Choe Peng Sum, CEO of Pan Pacific Hotels Group, played down the
notion of market-specific brands for the Singapore-based company. "I’ve
only got three brands," he said.
That doesn’t mean that there aren’t country-specific strategies
though. Hilton is actively pursuing franchising in China, where they’ve
signed 40 hotels in the last year, "most of which were in the
franchising space," according to Clarence Tan, Hilton’s senior vice
president for development, Asia Pacific.

Outrigger Hospitality Group's Jeff Wagoner is focusing growth in beach resort destinations like Bali and Thailand as well as potential in Australia. Pictured: Outrigger Reef Waikiki Beach Resort in Hawaii
Sustainability vs greenwashing
Sustainable practices are now a given across much of the industry,
but the jury is still out on hotels that are making a real impact versus
those that are just paying green-washed lip service.

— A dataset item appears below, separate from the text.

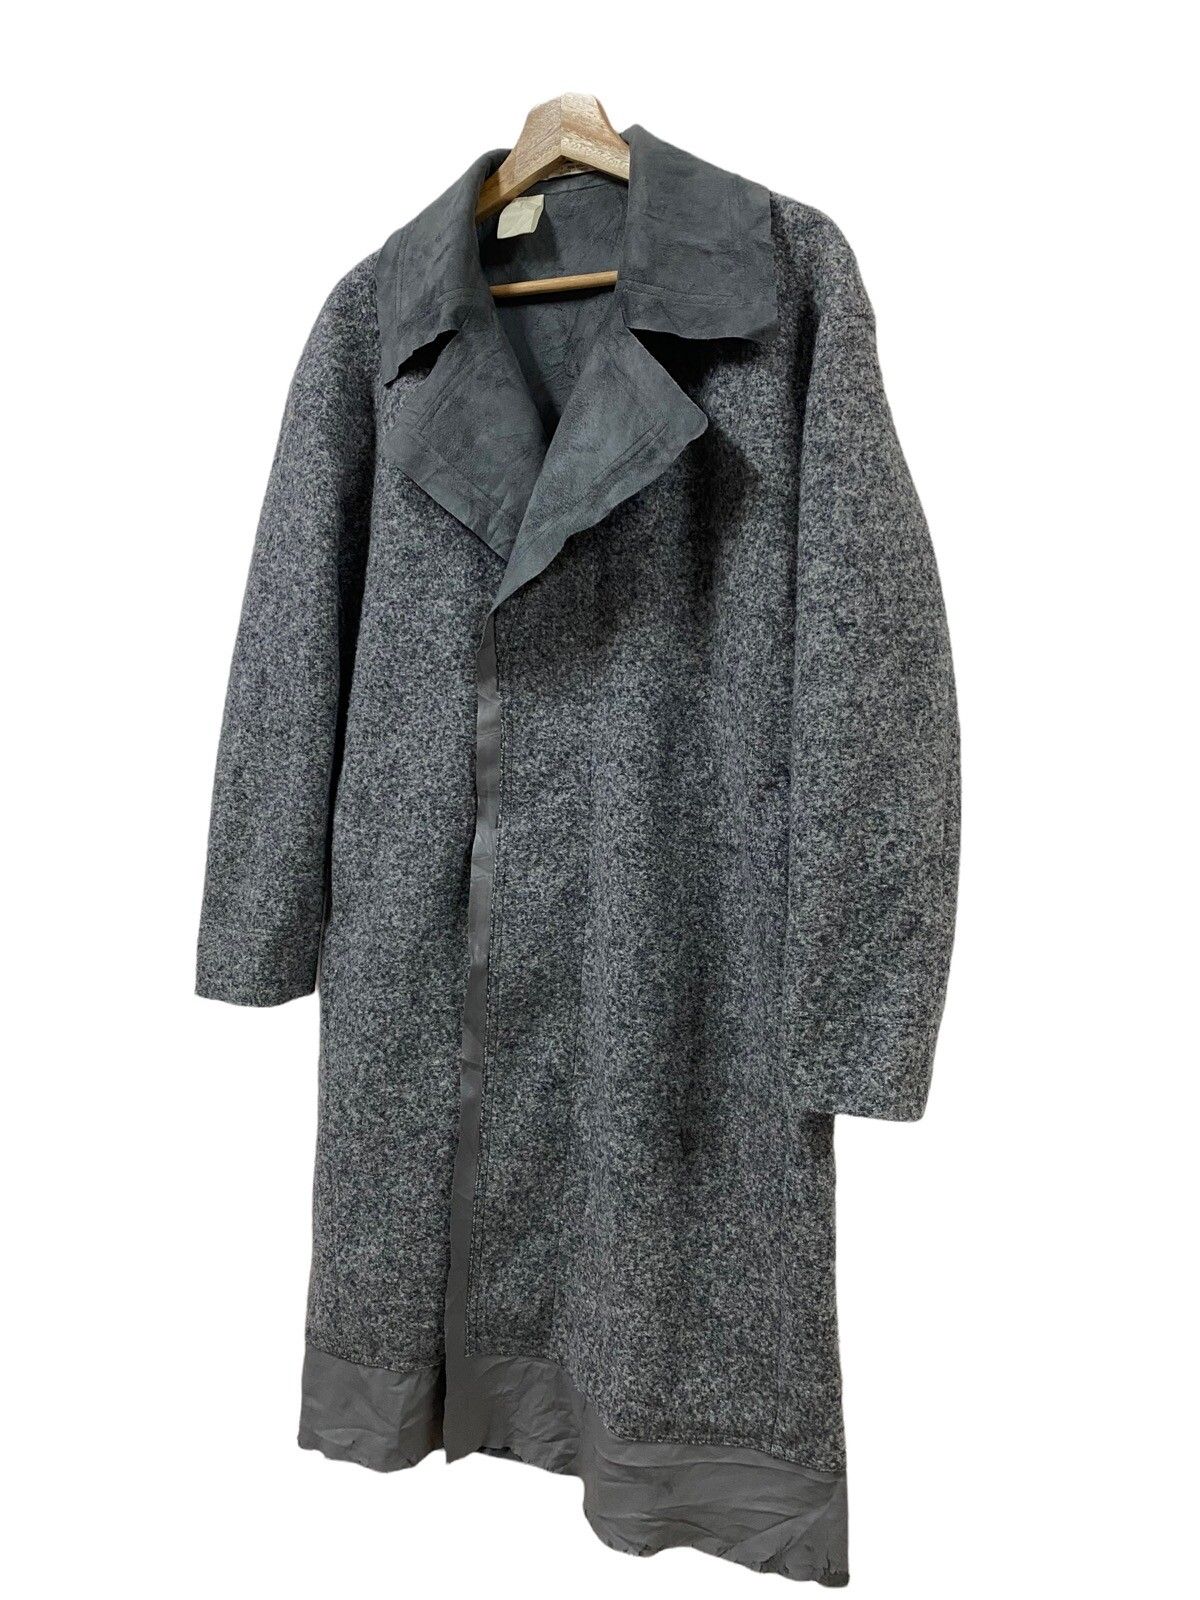 A/W17 N.Hollywood Wool Long Jacket Style 91606 - 7

"A hotel based on sustainability is an expensive hotel, putting
things that people don’t see but it makes a lot of sense," says Pan
Pacific’s Choe. But under increasing pressure from both investors and
the communities where the hotels are located, everyone is going to
embrace the economics of sustainability and carbon reduction.
There is "no difference" between Asia and the rest of the world, says
Wagoner. "It’s a global issue that we’re all wrestling with and I think
everyone puts rigour behind it."
Tan added however that a Cornell University study showed that Asia’s
kilowatt hour per occupied room ratio was almost double acceptable
averages, meaning that hotels in the region still had a way to go.
Chu put it succinctly: "It’s irresponsible not to be responsible."

Hilton is expanding its Singaporean presence with the upcoming opening of Conrad Singapore Orchard in Q1 2024, to be rebranded from Regent Singapore.
A hot growth region
For Hilton, Tan saw opportunities in Japan, China and India. "We see
the growth of the middle class," he said, a segment that according to
him will grow from 1.5 billion to 3 billion in the coming years. When
asked to pick one, he picked the potential of China. "China growing
domestically is where I see our future," he said, pointing to the
country’s 1.4 billion travellers in the first nine months of this year
despite its strict zero-Covid policies that limit travel.
Chu and Choe, on the other hand, picked Japan. "It’s a great market
with great international appeal and consumer dedication," said Chu.
Meanwhile, Wagoner saw growth in Outrigger’s traditional markets like
Bali and Thailand, but singled out developments in another key market
as holding the most potential. "The one that we’re really focused on is
Australia," he said.
While there are still significant issues regarding airline capacity,
Alan Watts, president - Asia Pacific for Hilton pointed out that travel –
both leisure and business – is fast making a comeback in Asia Pacific.
“Our business in Australasia is double digits up. India's almost
double digits up and the fact that Southeast Asia is performing at 2019
levels without outbound Chinese and just with a third of outbound
Japanese is incredible,” he added.
What’s certain is that Asia Pacific remains a growth region for
hospitality and that people will travel again as soon as they have the
opportunity. "The pent-up [demand] is real," Watts noted.